Arcola Theatre
January is a tense month, isn’t it? Cold and tense. Everything seems portentous to the coming year. My first dinner out in 2024, my first run, my first breakdown, my first trip to the theatre. Speaking of, my first tumble on the boards is a resurrection of a long-forgotten Michael Hastings play.
Hastings’s work, although not obscure, has not travelled much past the millennium. Except for the premiere of his only unperformed play at the Southwark Playhouse in 2015, Cutting the Cloth, originally written in 1973. Despite two Emmys and BAFTAs, a Somerset Maugham award, poems, TV/Film adaptations, and an Oscar nomination in his day. It’s a cruel business what we call show.

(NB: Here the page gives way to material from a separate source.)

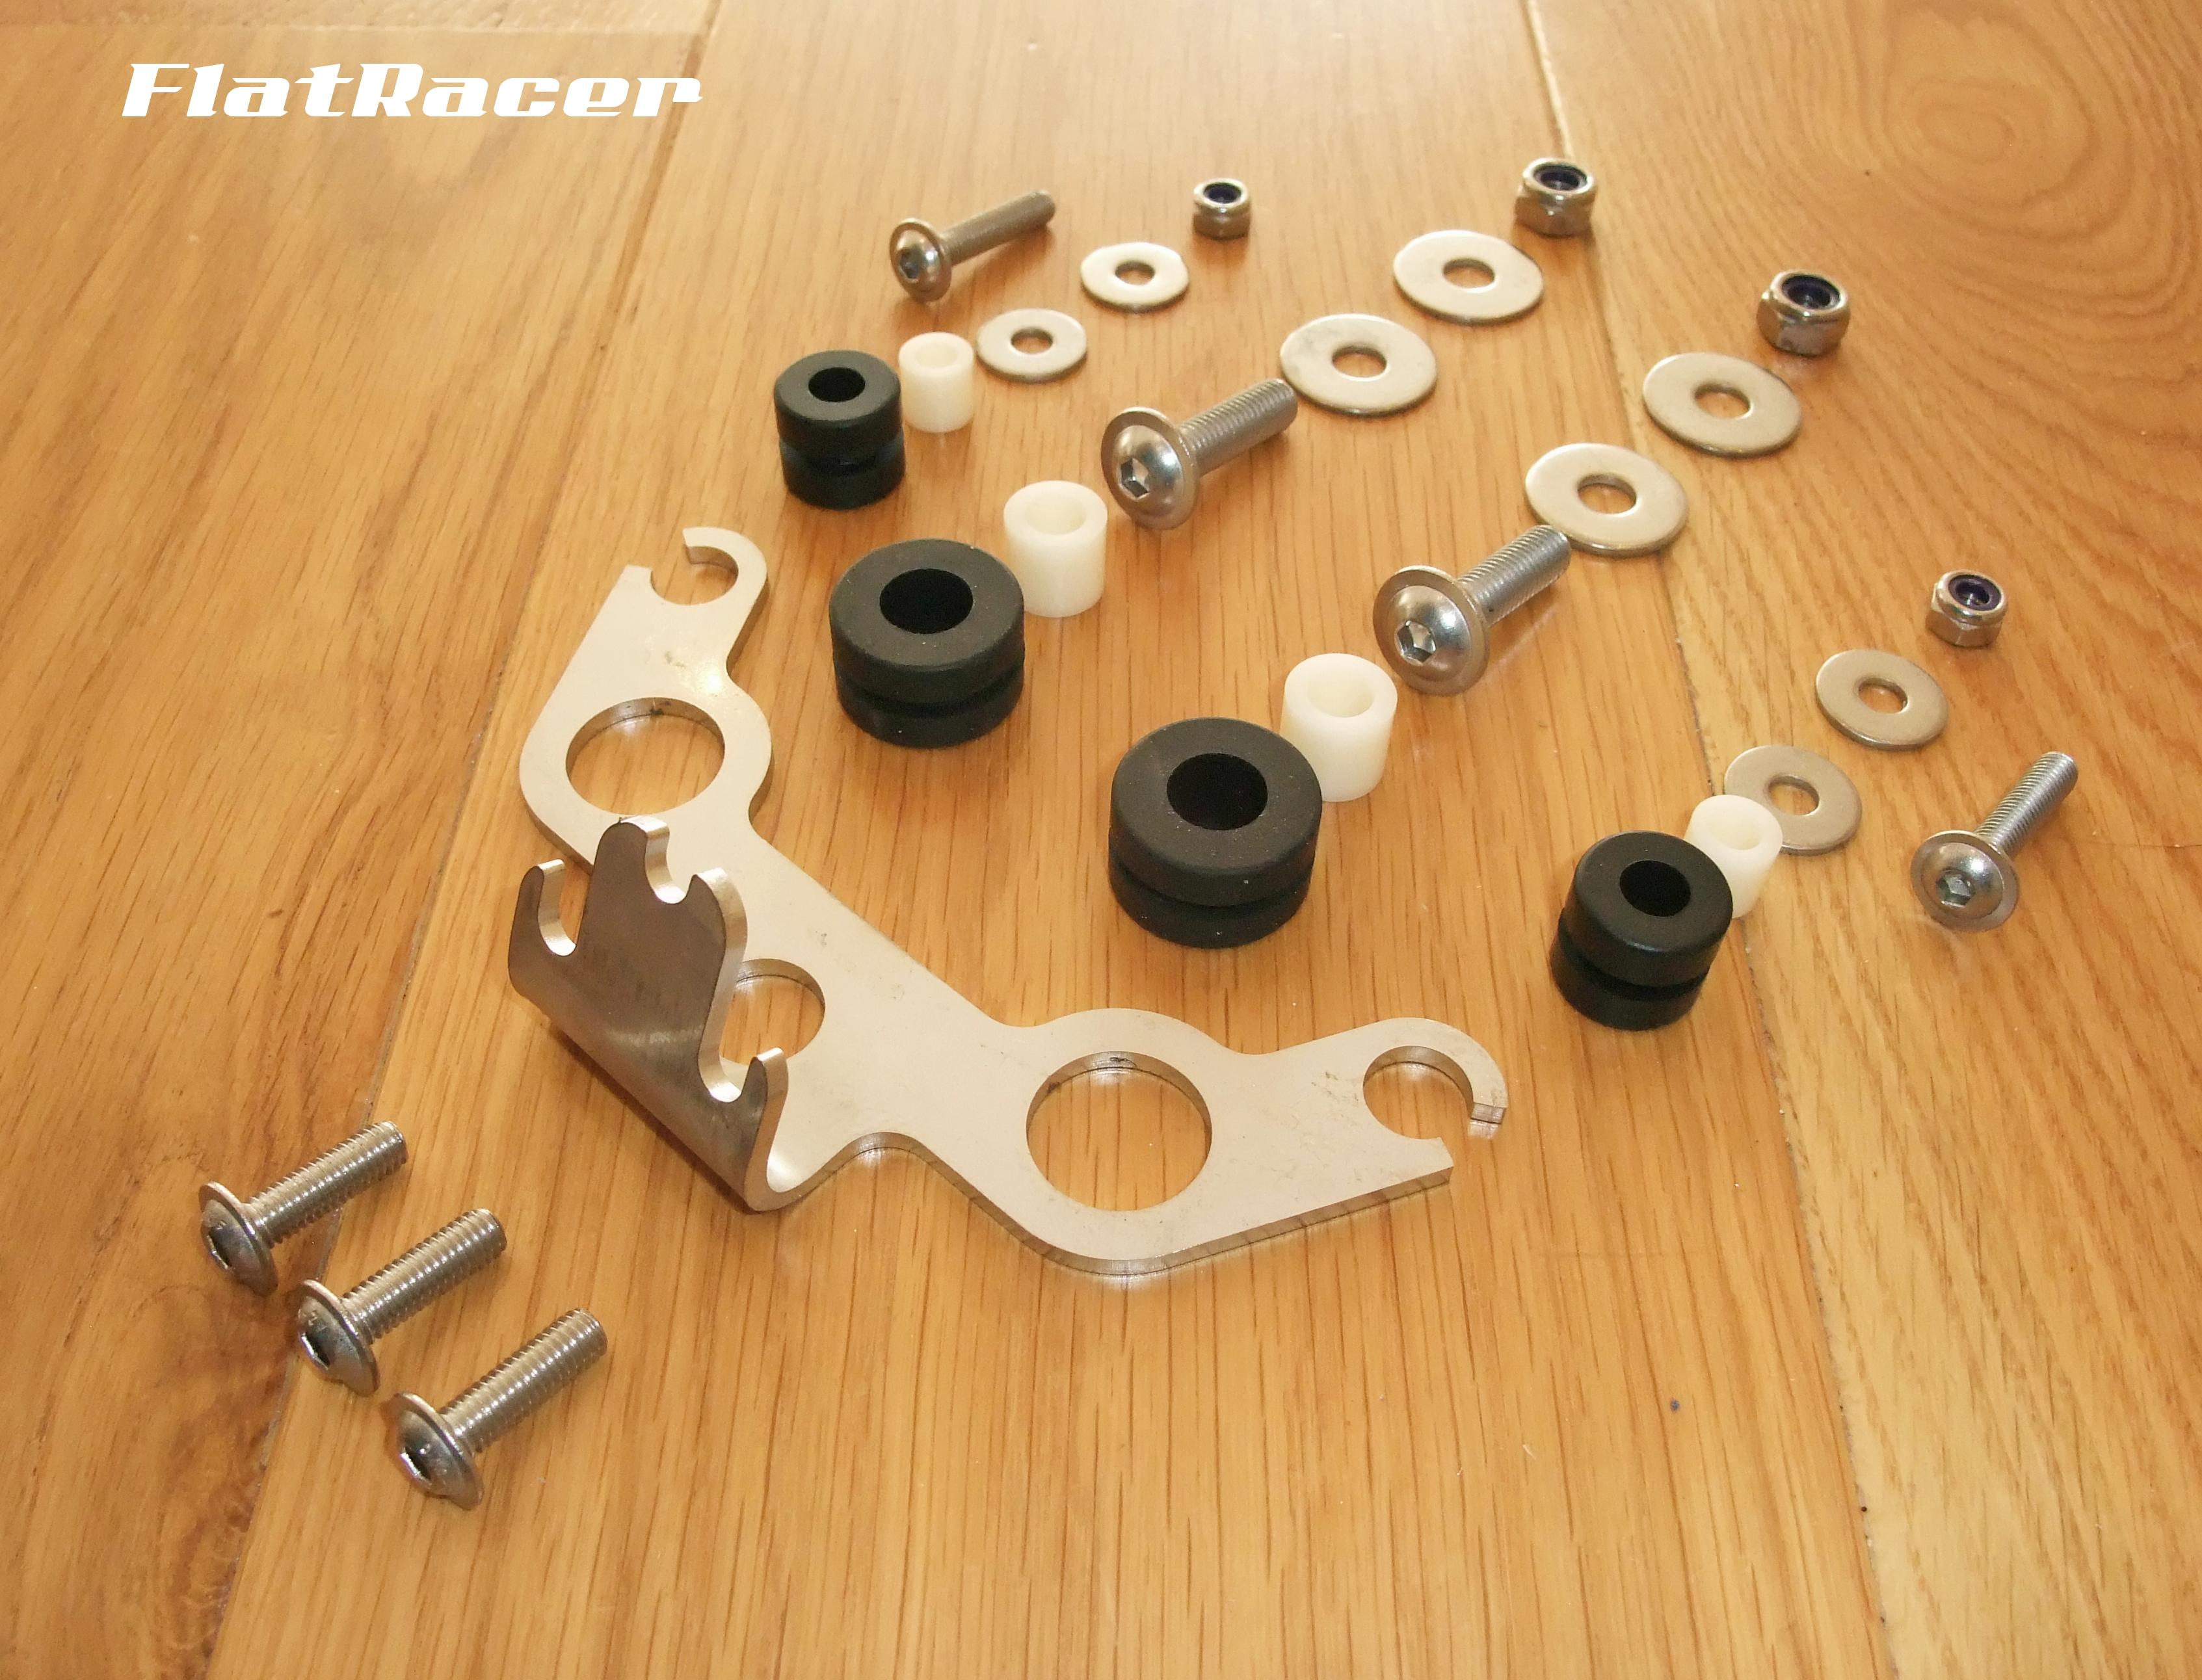 FlatRacer BMW Airhead Boxer stainless steel ultra-low instrument cluster bracket - with fittings

Pumped full of excitement at witnessing the start of his career I ventured out in the cold. Pulled along by the subject matter of Jewish refugees to Brixton after the war, poignant and much neglected. The blurb promises a tale of precise social commentary. Sammy (Eddie Boyle’s debut) moves with much excitement into his father Leo (Paul Rider) and stepmother Shani’s (Nathalie Barclay) house after being raised by his grandmother in Croydon. This simple return to his family throws all the crockery in the air, and we are invited to watch it come thundering down.
Alex Marker’s set concertinas along the stretched studio 1. Downstage is a shabby living room. An invisible wall/door allows us to peer through into a landing, and hallway that snakes up to stage right and along to stage left. A carving knife through a London townhouse, carefully and cleverly cut.

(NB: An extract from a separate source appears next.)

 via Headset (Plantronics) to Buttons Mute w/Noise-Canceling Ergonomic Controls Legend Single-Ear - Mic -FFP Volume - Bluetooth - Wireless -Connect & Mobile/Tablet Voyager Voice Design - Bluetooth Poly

Tenants bicker and nibble at one another, “characters” in the classic sense of the word bluster, and bash in and out of the cramped living room. Sammy’s thrown into a world of rotted love, mental illness, infidelity, and intergenerational trauma and is submerged at lightning speed.
Various actors meld the corpulent script into something resembling reality. Rider as Sammy’s alcoholic father Leo is one. A rambling, angry, and desperate man broken by having to flee his homeland (Hungary). Nicholas Day as the Rabbi brought in to try and straighten out the family’s woes has the mystic, and measured pace of a holy man. Sue Kelvin is the knees-up-mother-Brown landlady of yesteryear. Gossiping and tangoing in the hallway duster in hand, ready rebukes barked out at “them upstairs” who are late with the rent. A much-needed but swamped comic relief.

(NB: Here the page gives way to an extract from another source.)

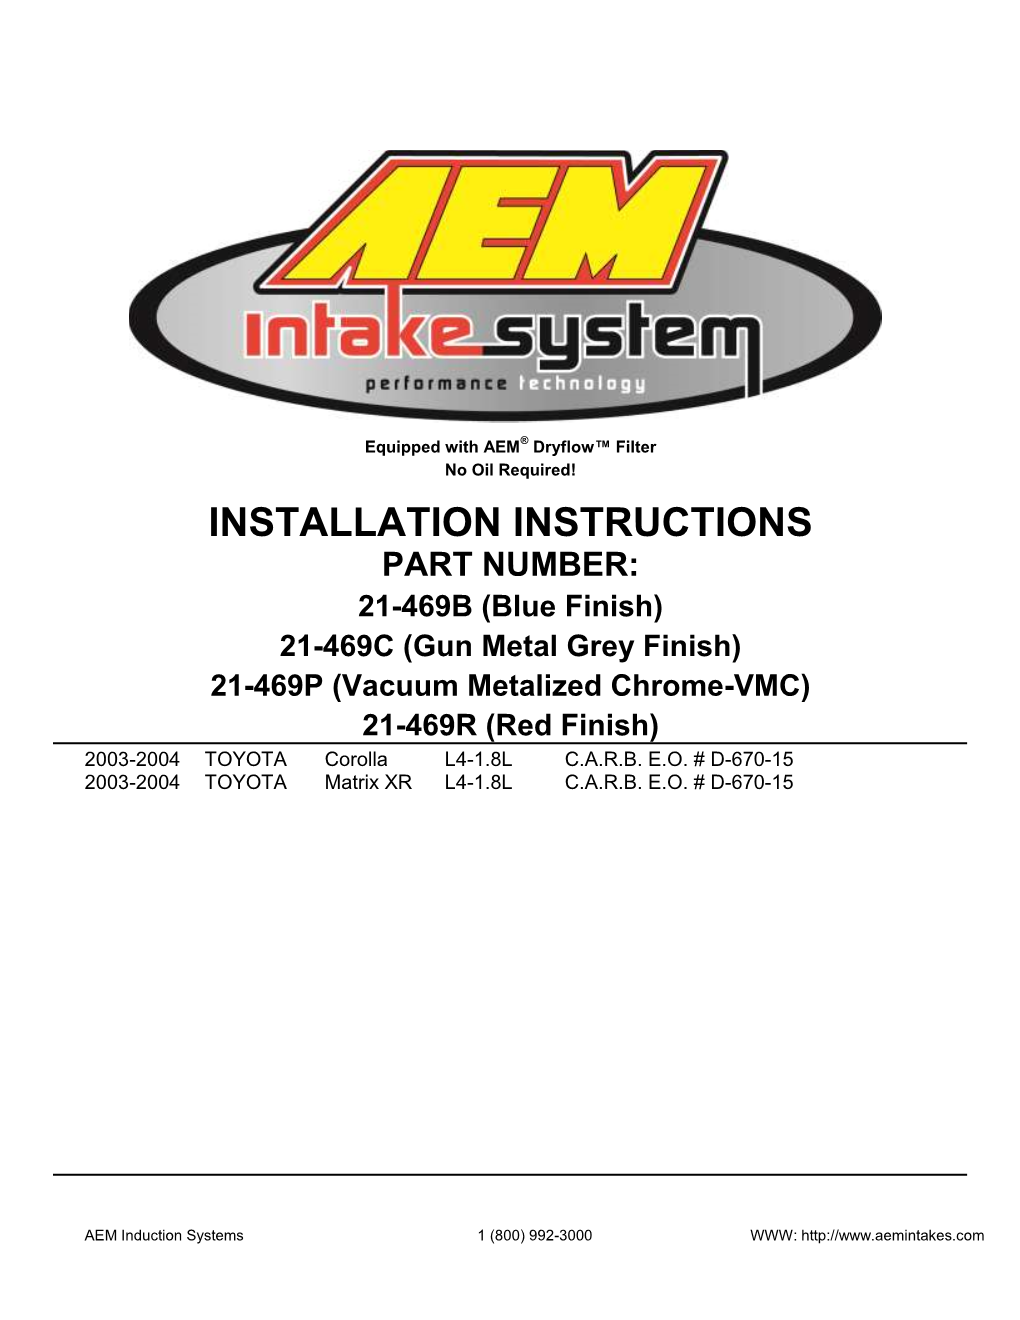 Installation Instructions Part Number

Along with very occasional flashes of comedy, the Rabbi’s scene: where the family and their neighbours share Challah bread and gefilte fish on sabbath is an excruciating but delightful domestic battle. Even loaned China, shop-bought delicacies, and a religious representative can’t stop Leo and Shani from ripping each other apart, complicated by upstairs neighbour Mrs. Pond’s (Alix Dunmore) unsettling delusional outbursts. We have all struggled through a dinner or lunch that seemed to be transported to hell and this is the only point where the characters make sense as a microcosm.
This however is the exception to the rule. Whether it is the frequent butchering of lines, the frigid blocking, or the text itself, the characters are shadow puppets, not people. One tone throughout, oppressive misery and allegory are leaped into so quickly and readily in each interaction, it has the feeling of theatrical speed dating. Tricia Thorn has a keen eye for dusting off neglected plays but her directing has characters regularly monologuing straight through walls. The interactions become unbelievable and the piece ricochets in emotional intensity.
Hasting’s play sits right in the angry-young-men era of British playwriting, in the same year as John Osborne’s seminal Look Back in Anger. Don’t Destroy Me’s frantic pace, and overloaded dialogue threatens to douse the story. The uninterrupted monologues, cyclical and repetitive content wear down our interest and willpower. The reality that Sammy is only in this house of mirth for a little over a week before he loses his religion, optimism, and sanity is a hard pill to swallow. The domino effect breakdowns and misty symbolism along with some shaky performances means that we fail to connect, being given few rays of hope. The characters are reeling from the unimaginable horrors of WW2, and unmitigated hopelessness is one of the play’s only lasting effects.